Once this is done, adjust the paths in the Kaldi recipe to point to the test files and run the decoding step. The predictions are stored in the exp folder.

The utils folder has the script int2sym.pl which is required to generate the symbols corresponding to the phones/words.

Brief Sequence of Steps:

(1) Prepares data.
(2) Prepares the Language Model.
(3) Extracts MFCC( Mel Cepstral Coefficients) features as mentioned in the previous post.
(4) Decodes the data using acoustic model trained on 100 hrs of clean Librispeech data.

The code is updated here. Feel free to have a look and suggest changes.

Sunday 21 June 2015

Building Acoustic Models using Kaldi Voxforge recipe to obtain word level transcripts for long video files

Hi all,

This is the second post in the series and deals with building acoustic models for speech recognition using Kaldi recipes.

In this post, I'm going to cover the procedure for three languages, German, French and Spanish using the data from VoxForge.

BRIEF WORKFLOW:

Toolkit

KALDI :

Kaldi is an opensource toolkit for speech recognition written in C++ and licensed under the Apache License v2.0. I've included the installation instructions in the readme file in the git repo.

Downloading the data

Step 1 :

Set the DATA_ROOT variable in the shell script path.sh to point to the location on drive where you intend to store the data.

I've stored it in /home/$USER/database/voxforge.

Step 2:

Execute getdata.sh. This step

a) Downloads the language specific speech data from the voxforge portal and saves it in a folder tgz.

b) Extracts the files into a folder called extracted.

Ex: I've them in

/home/$USER/database/voxforge/$LANGUAGE/tgz and

/home/$USER/database/voxforge/$LANGUAGE/extracted

Details of the data files:

French - 55 hours , 1600 speakers

Spanish - 53 hours, 1712 speakers

German - 50 hours, 1600 speakers

Mapping anonymous speakers to unique IDs
We'd like to be able to perform various speaker-dependent transforms and therefore avoiding anonymous speakers is an important step in building the models. Also, the "anonymous" speech is recorded under different environment/channel conditions, by speakers that may be both males and females and have different accents. I've given each speaker unique identity following Voxforge recipe.

Train/test set splitting and normalizing the metadata

The next step is to split the data into train and test sets and to produce the relevant transcription and speaker-dependent information. I've used 20 speakers for test.

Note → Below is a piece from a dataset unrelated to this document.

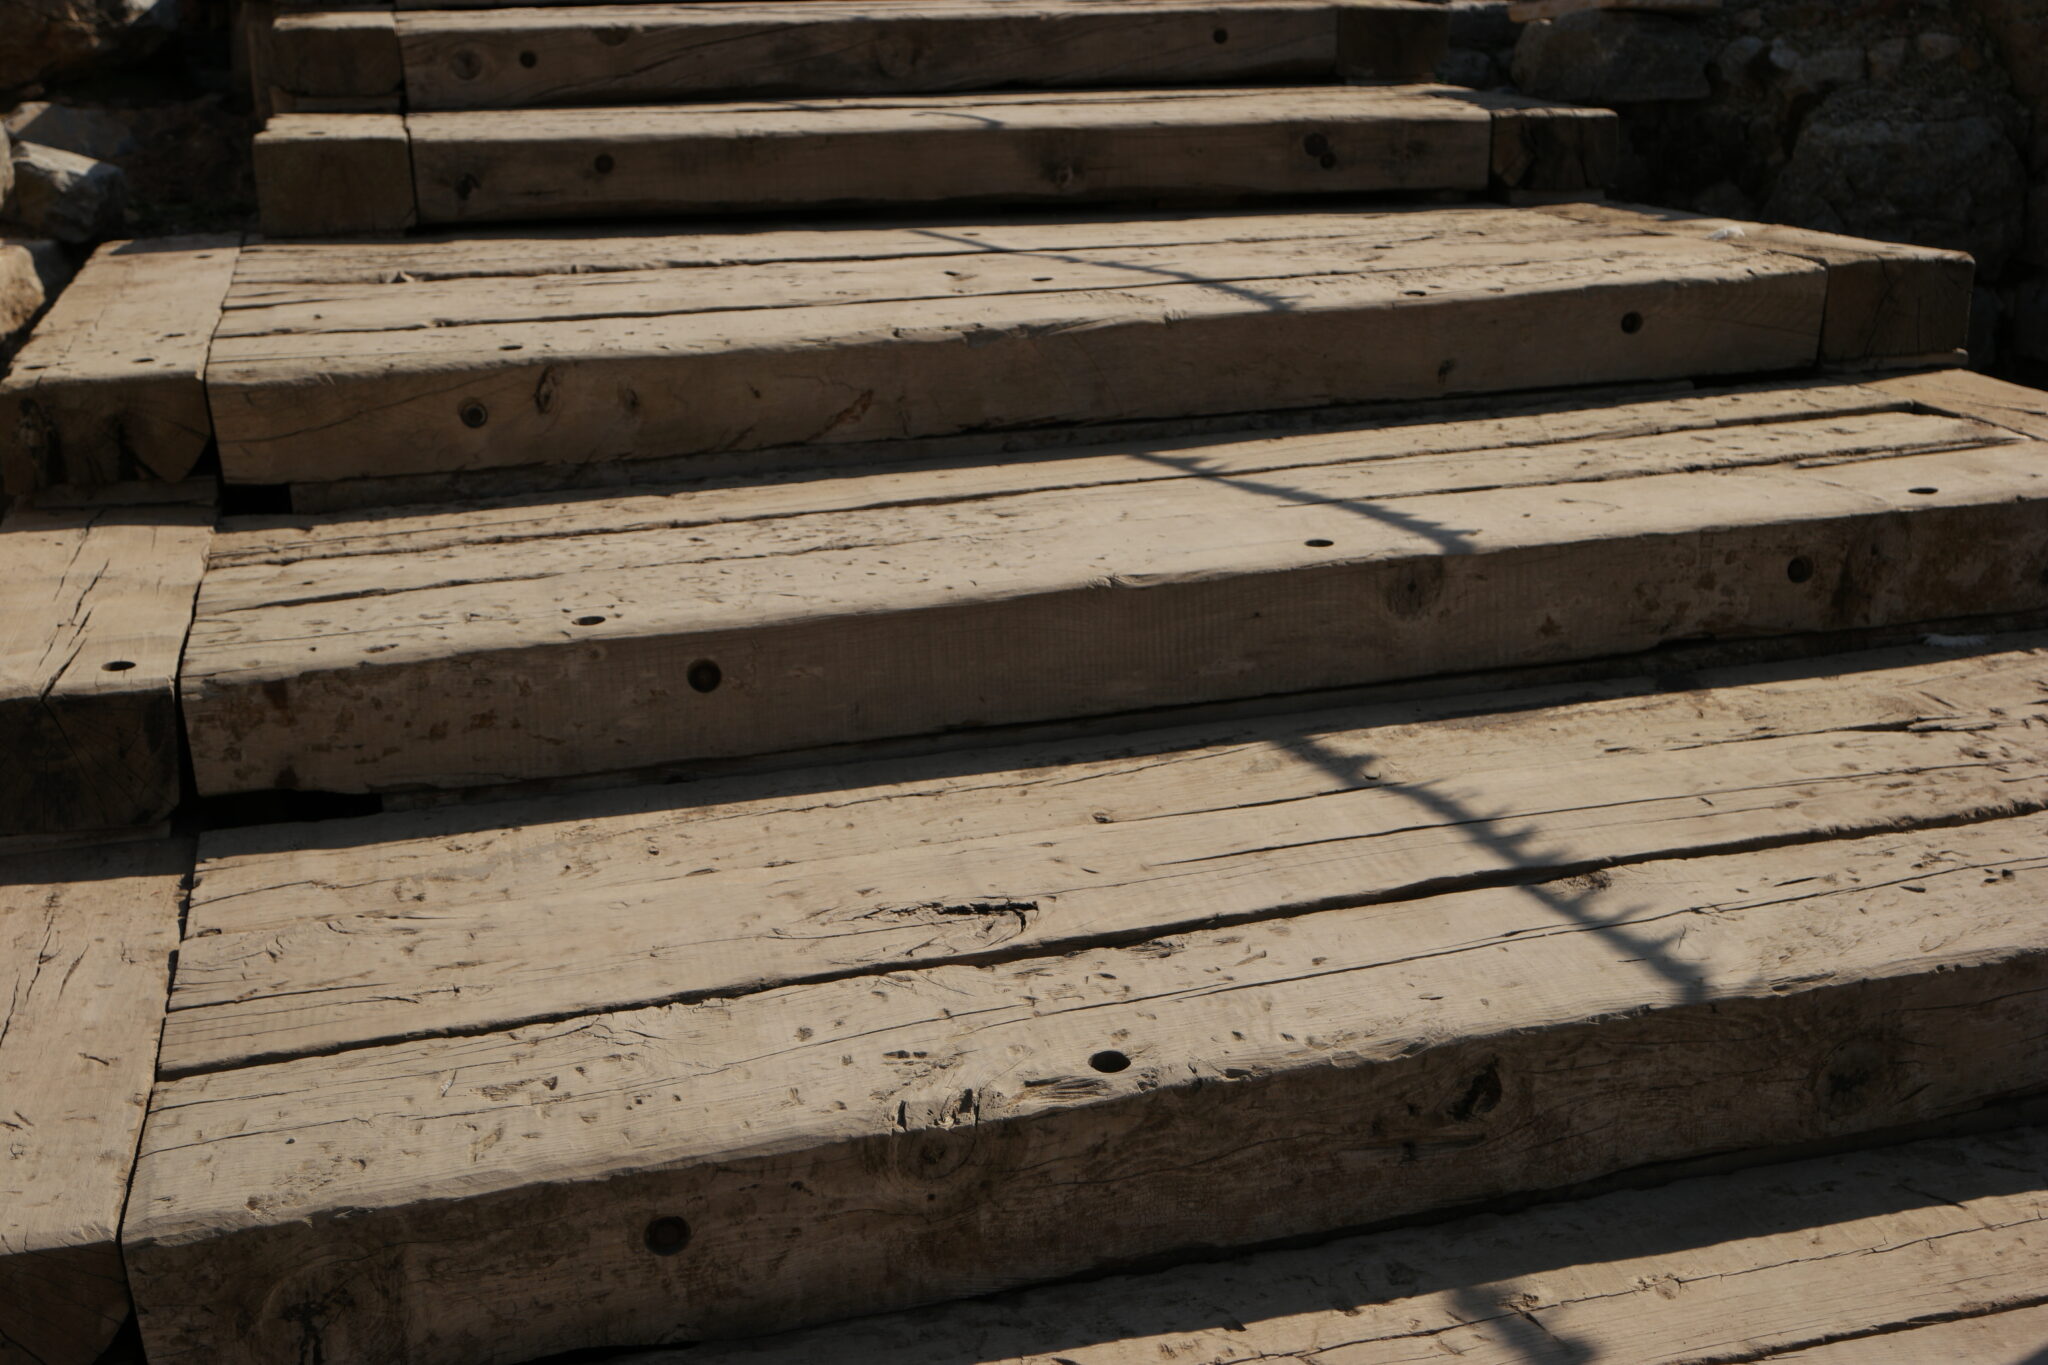 close-up-view-of-wooden-stairs-or-steps-outdoors-2022-01-28-10-03-13-utc-2048x1365

Building the language model

I decided to use SRILM toolkit to estimate the test-time language model. SRILM is not installed by default under

$KALDI_ROOT/tools by Kaldi installation scripts, but needs to be installed manually. The installation assumes you have GNU autotools, C++ and Fortran compilers, as well as Boost C++ libraries installed.

Preparing the dictionary
The script, used for this task is called local/voxforge_prepare_dict.sh. It downloads the CMU's pronunciation dictionary first, and prepares a list of the words that are found in the train set, but not in cmudict. Pronunciations for these words are automatically generated using Sequitur G2P, which is installed under tools/g2p. The installation assumes you have NumPy, SWIG and C++ compiler on your system. Because the training of Sequitur models takes a lot of time this script is downloading and using a pre-built model trained on cmudict instead.

Feature Extraction:

I've used MFCCs( Mel Frequency Cepstral Coefficients) as features to train the acoustic models. Mel-frequency cepstrum (MFC) is a representation of the short-term power spectrum of a sound, based on a linear cosine transform of a log power spectrum on a nonlinear mel scale of frequency. The

MFCC Extraction Procedure

They are derived from a type of cepstral representation of the audio clip (a nonlinear "spectrum-of-a-spectrum"). The difference between the cepstrum and the mel-frequency cepstrum is that in the MFC, the frequency bands are equally spaced on the mel scale, which approximates the human auditory system's response more closely than the linearly-spaced frequency bands used in the normal cepstrum. This frequency warping can allow for better representation of sound.

MODEL BUILDING:

I've built the models using triphone context. The following improvements have been tried:

Improvement using MinimumPhone Error rate training.

Improvement using Maximum Likelihood Training.

Improvement using SGMMs.

Improvements using Hyperparameter tuning of DNNs.

I'll explain each of these in detail in my next post.

The next step is decoding the test files using the models built. In my previous post I've mentioned the procedure to pre process the test files to decode them using the models built using Kaldi.

The code for both the posts is updated. Please feel free to have a look and suggest changes. Both the posts contain readme files and run.sh to help navigate through the code.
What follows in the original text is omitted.